2.- 1.6 TB 3-node RAC Oracle Enterprise Edition (10.2.0.4.1) database

3.- ASM and ASMLib 10.2.0.4.1 (8 disk for data, 2 disk for FRA and 1 disk for Logs).

4.- SAN EVA 8100

The problem:

We moved from 2-node RAC 10.2.0.3 running on Linux X86 and SAN EVA 8100 to the configuration mentioned above. Full backups took 9 hours on the old hardware.

Backups running on the new environment took 11 hours to finish, a big surprise to all of us as the new hardware was much, much faster.

The approach:

To find out what the problem was we needed to reproduce the problem first on QA. As we did not have enough space for a full backup it was decided to  modify the RMAN backup scripts to back up a fairly large tablespace (101GB).

I generated 10 different test and we monitored the EVA using EVAperf and TLViz.

We have to bear in mind that the goal of this exercise is not just reduce the time the backup runs but also to reduce the impact on the EVA to a minimum as it is shared with other products.

All backup scenarios run with 2 channels (C1 and C2) type disk.
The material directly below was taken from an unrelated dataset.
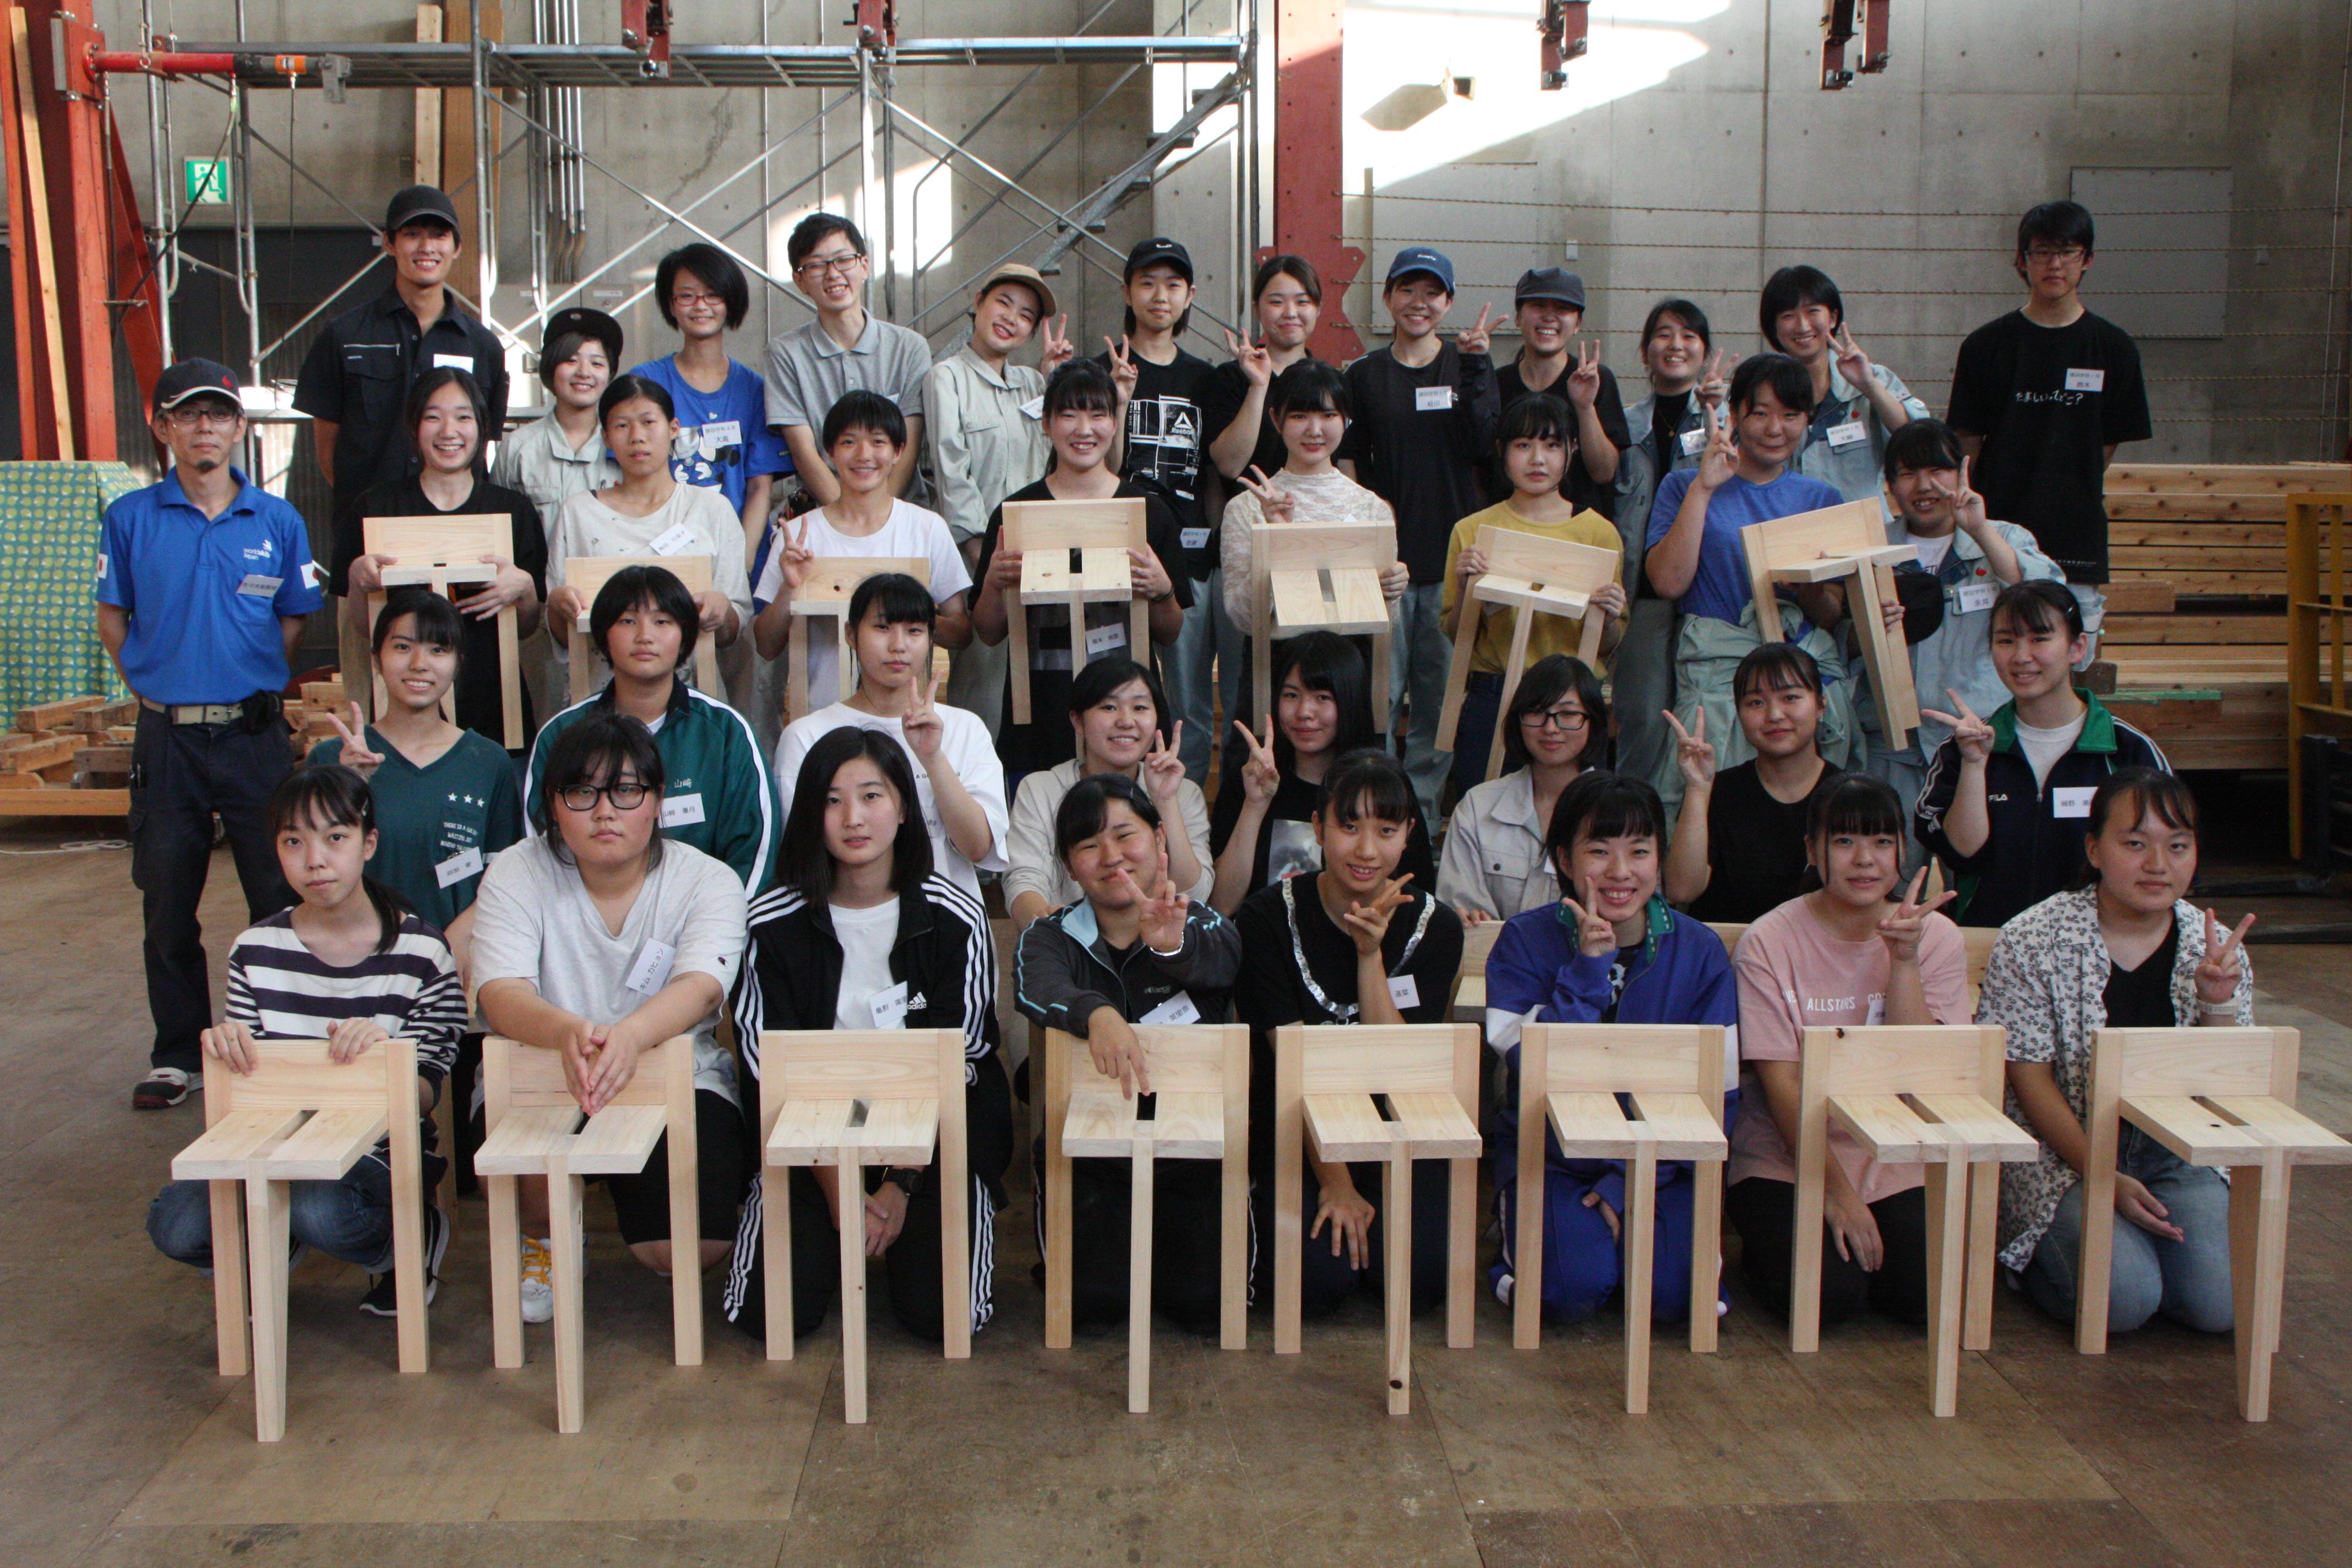 女子高校生のための実習体験教室を実施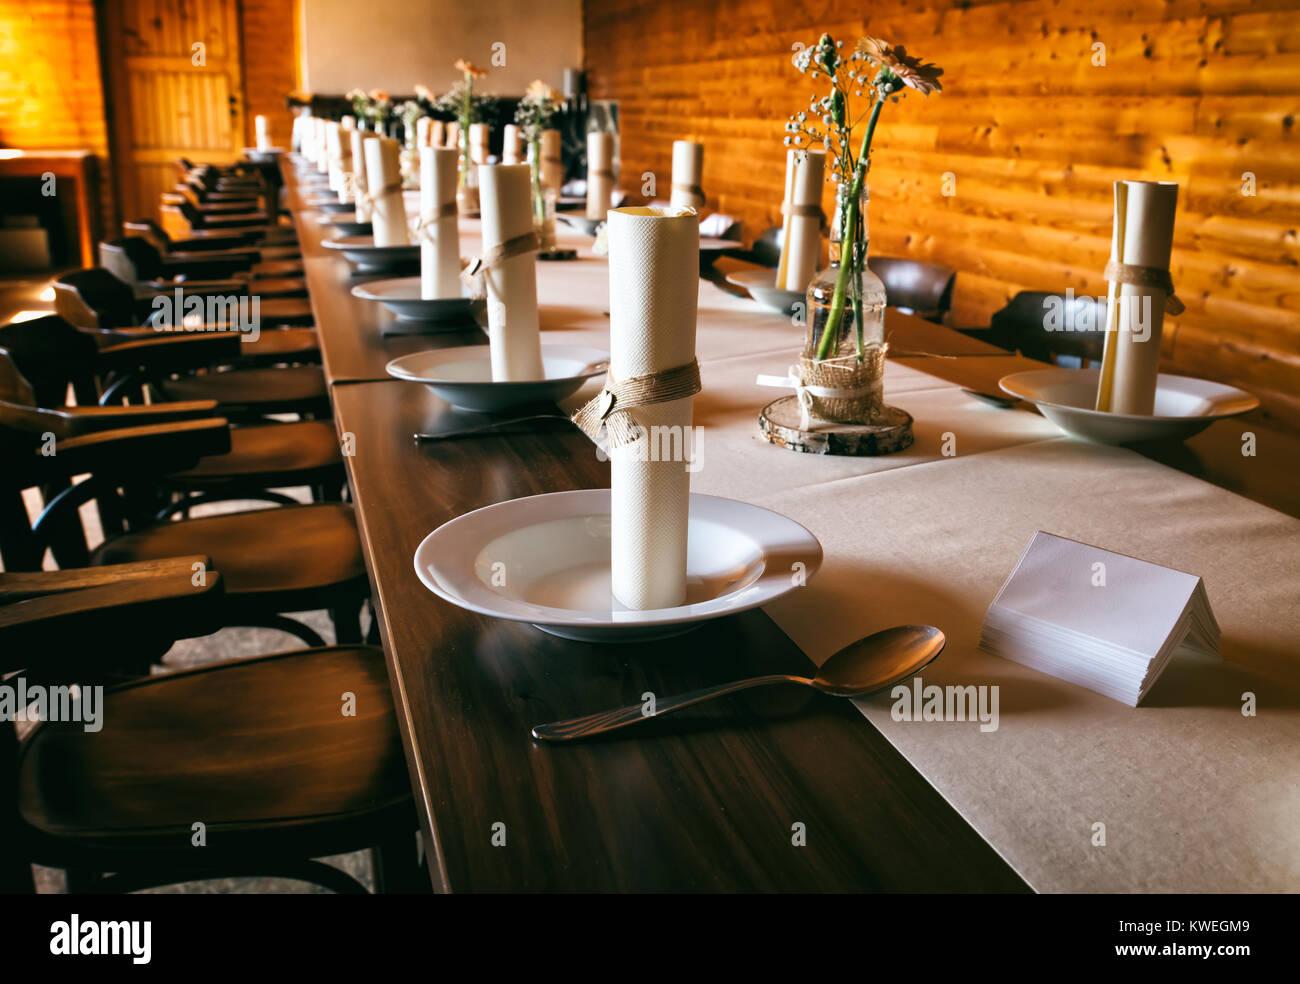 Esstisch Mit Hochzeit Dekoration Auf Dem Tisch Dekoriert Stockfoto

Those backup scenarios are as follows:

Note.- I/O limitation is a RMAN feature to reduce the I/O rate per channel.  To limit the I/O per channel, you only need to specify “rate” and the speed. For example, to limit to 20MB:

allocate channel C1 type disk rate 20M;

Scenario 1:

Normal backup, no I/O limitation.

Start Time: 09:02

Finish Time: 09:27

Runtime: 15.25 min C2, 15:40 min C1

Scenario 2:

normal backup, both channels limited bandwidth to 40MB/s.

start time 09:40

finish time 10:02

runtime: 20:15 min C2, 22:30 min C1

Scenario 3:

normal backup, both channels limited bandwidth to 20MB/s.

start time 10:05

finish time 10:50

runtime: 40:16 min C2, 14:51 min C1

Scenario 4:

normal backup, both channels limited bandwidth to 30MB/s.

start time 10:54

finish time 11:24

runtime: 26:56 min C2, 30:01 min C1

Scenario 5:

compress backup, no limitation.

start time 11:32

finish time 11:56

runtime: 20:55 min C2, 23:50 min C1

for this scenario, and all scenarios using “compress”, CPU % idle went from an average of 86% to an average of 72%. These numbers are consistent for all compressed backups. While backups were running, we executed a very heavy procedure and %Idle went down to 56%, but it did not affect performance.

Scenario 6:

compress backup,  both channels limited bandwidth to 30MB/s.

start time 11:58

finish time 12:28

runtime: 26:56 min C2, 30:02 min C1

Scenario 7:

normal backup, no limitation, window of 20 minutes with minimize load.

start time 12:31

finish time 12:49

runtime: 16:36 min C2, 18:11 min C1

Scenario 8:

compress backup, no limitation, window of 20 minutes with minimize load.

start time 12:57

finish time 13:17

runtime: ———

ORA-19591: backup aborted because job time exceeded duration time

Scenario 9:

compress backup, both channels limited bandwidth to 30MB/s, window of 20 minutes with minimize load.

start time 13:24

finish time 13:44

runtime: ———

ORA-19591: backup aborted because job time exceeded duration time

Scenario 10:

compress backup, 4 channels no limitation, window of 20 minutes with minimize load.

start time 14:55

finish time 15:14

runtime: 07:15 min C3, 12:21 min C2, 14:25 min C4, 19:01 min C1

I have added several graphs for  CPU, WriteMB and Disk write Latency on the EVA. I am afraid I did not allow much gap between test as we had a limited window to perform our tests. For this reason it can be a bit difficult to appreciate when a backup started and the previous finished.

CPU:

As we can see on the graph, the scenario 3 (normal backup, I/O limited to 20MB/s) produced the best results on CPU utilization.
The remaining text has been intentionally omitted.